## [WHAT TO WORK ON]
Every line of the material below needs to be copied exactly; omit the pictures.

━━ MATERIAL PROVIDED

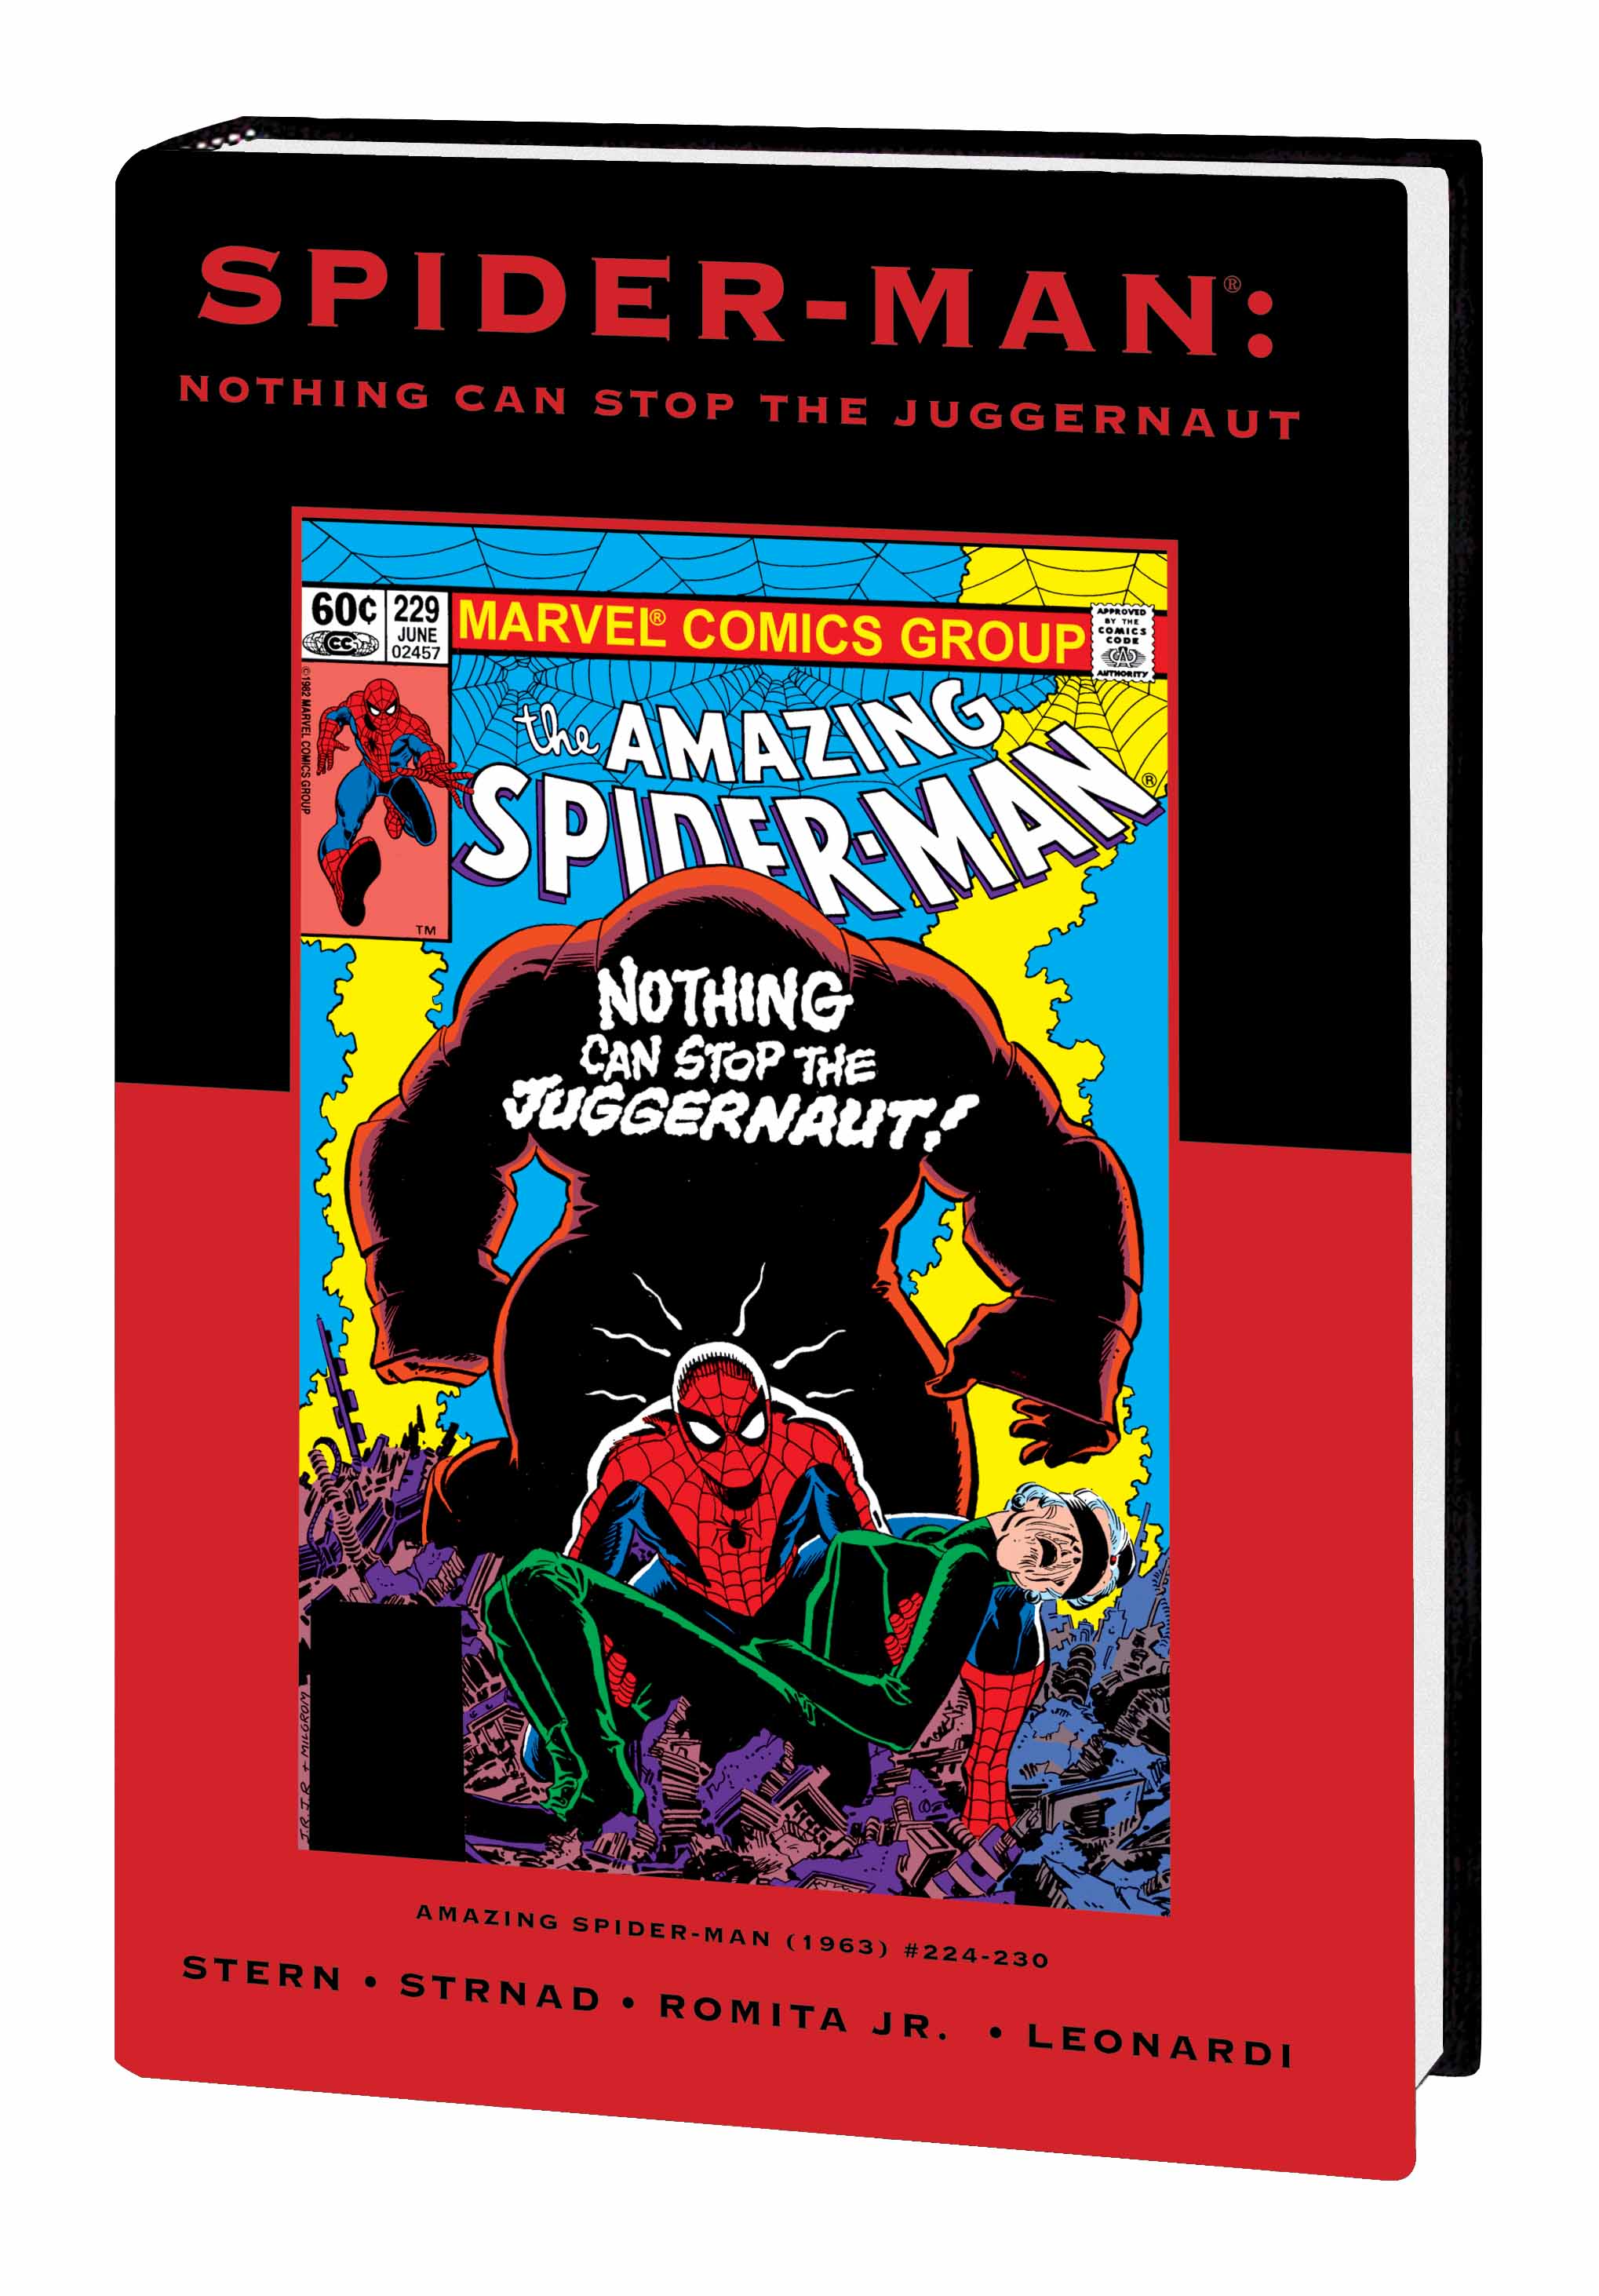 SPIDER-MAN: NOTHING CAN STOP THE JUGGERNAUT (Trade Paperback)
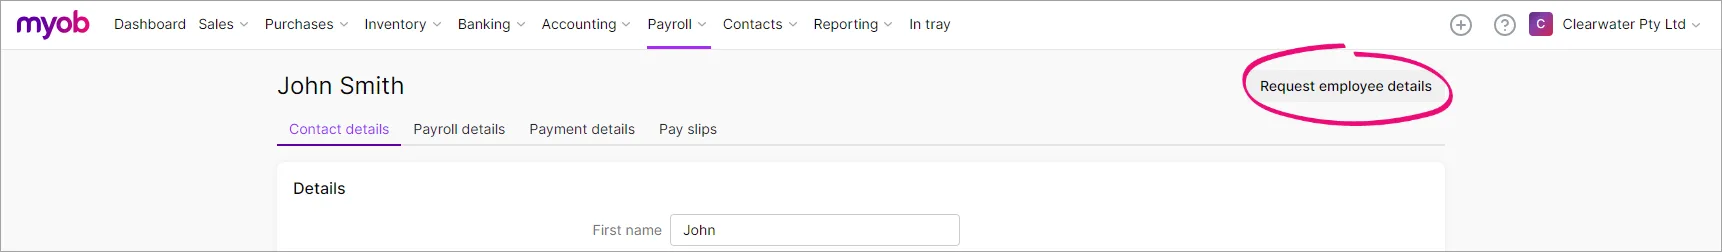 Request employee details button highlighted in an employee record
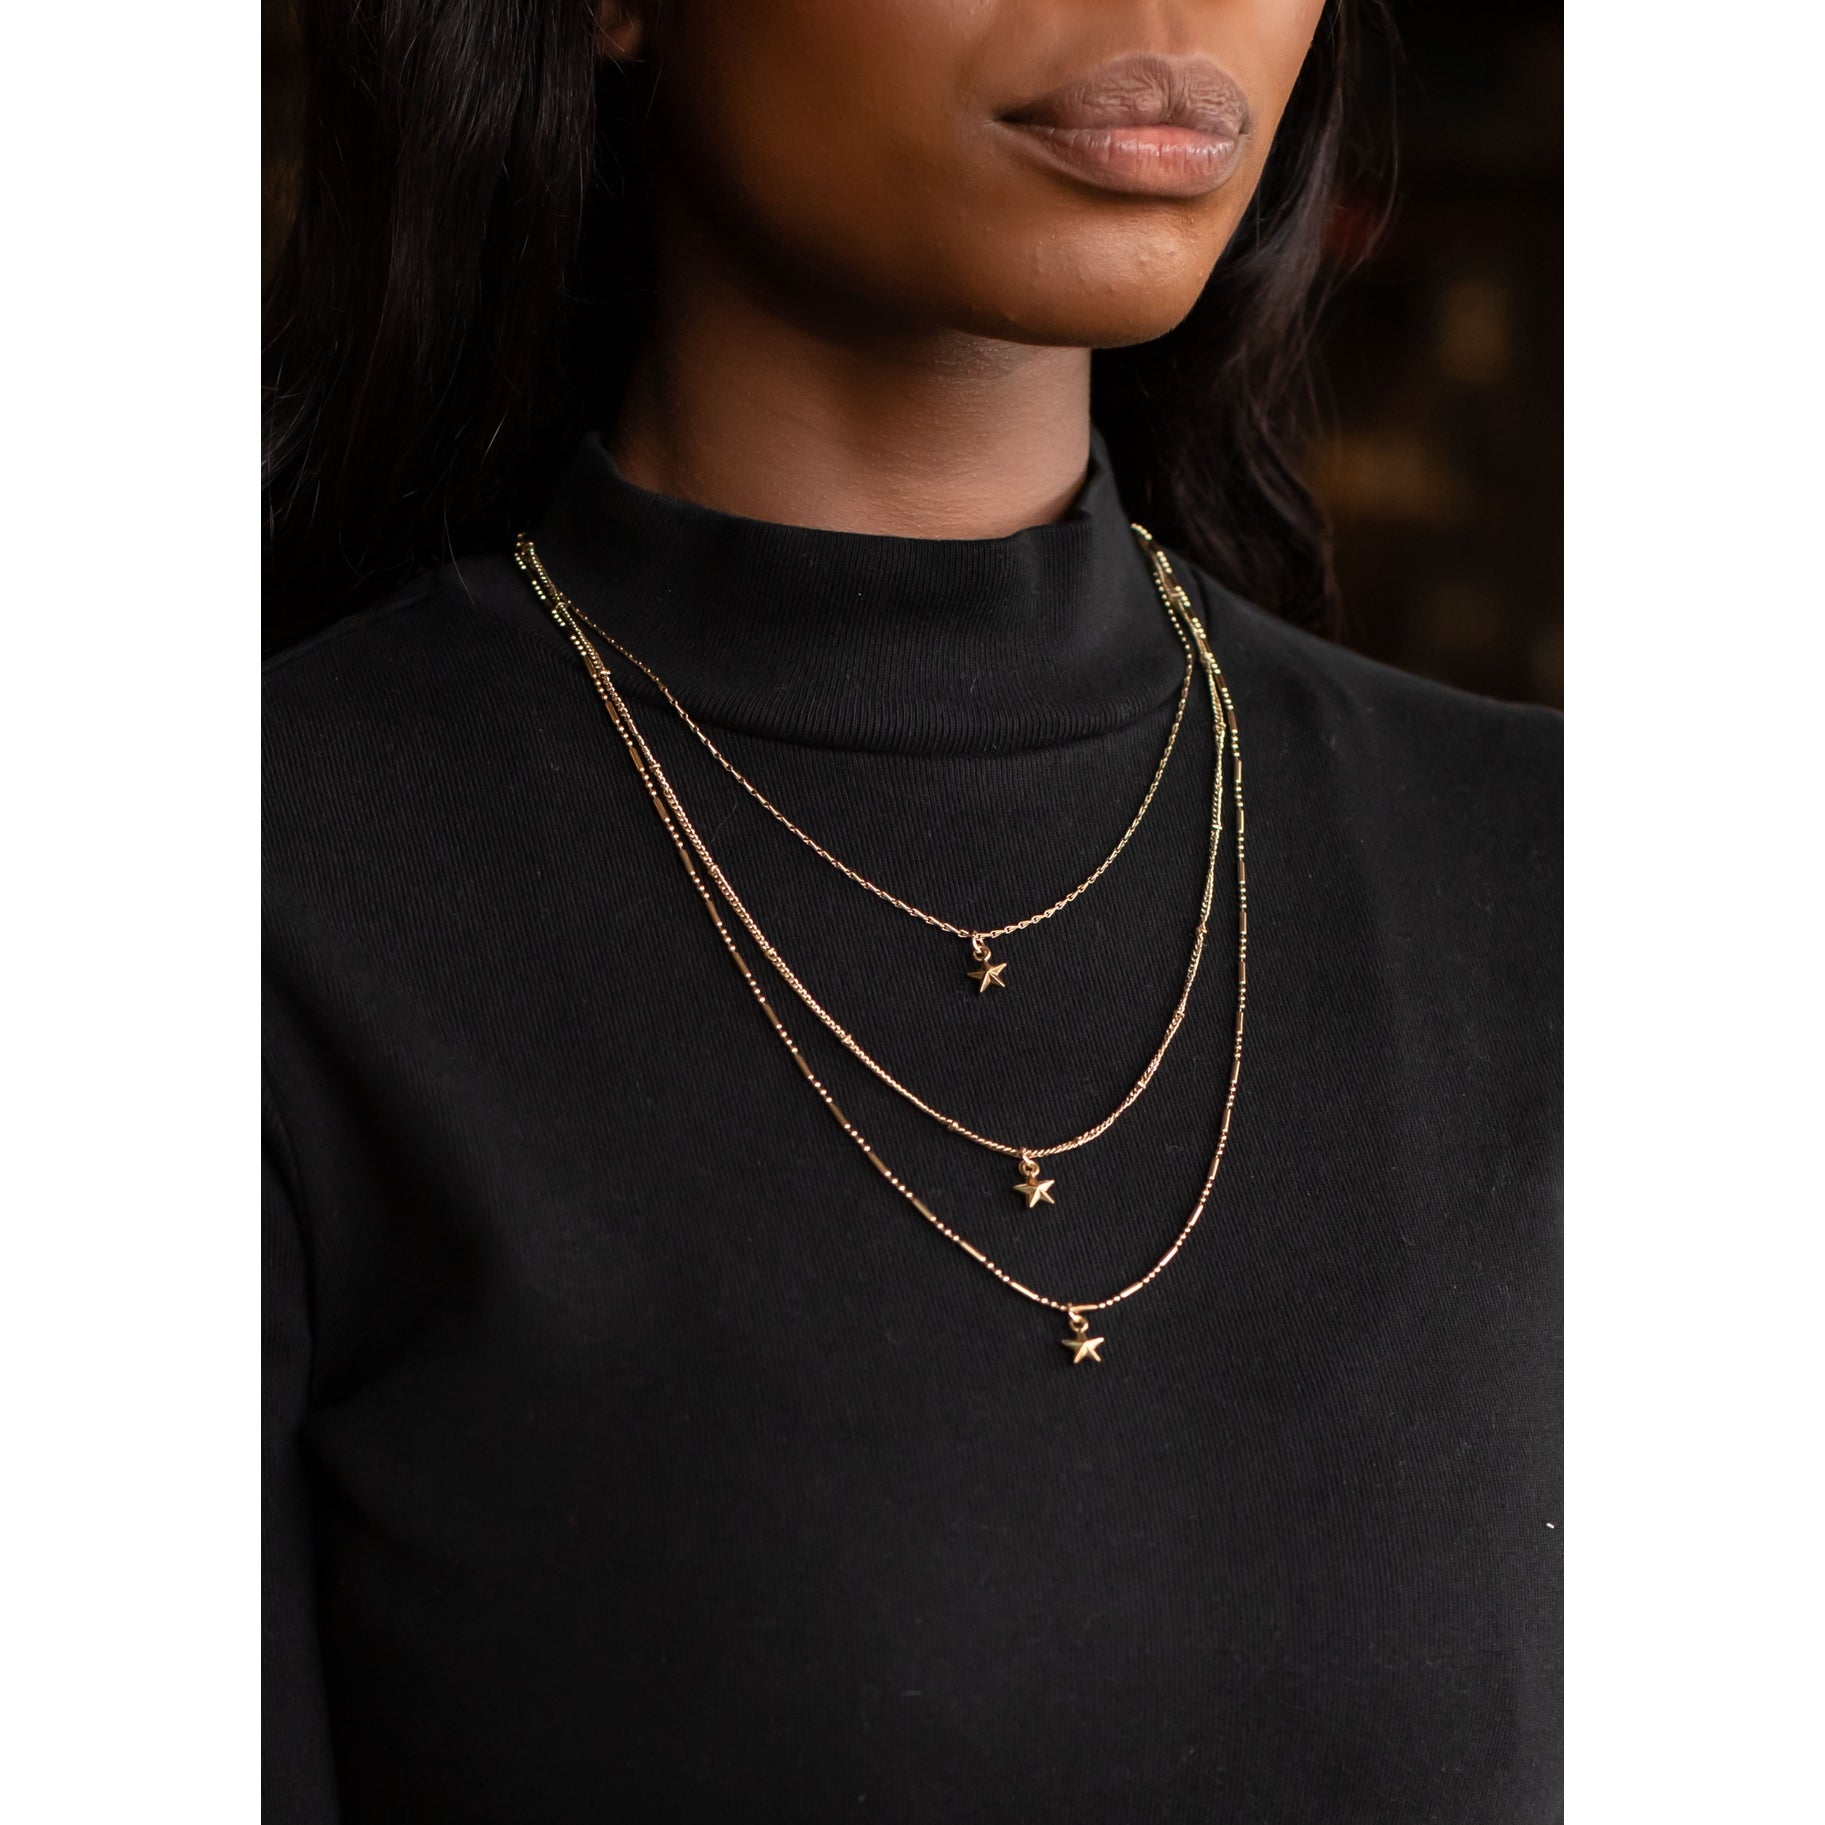 Gold Layered Necklace with Star Charms

━━━━

## [EXPECTED ANSWER]
 SPIDER-MAN: NOTHING CAN STOP THE JUGGERNAUT (Trade Paperback)
 Request employee details button highlighted in an employee record
 Gold Layered Necklace with Star Charms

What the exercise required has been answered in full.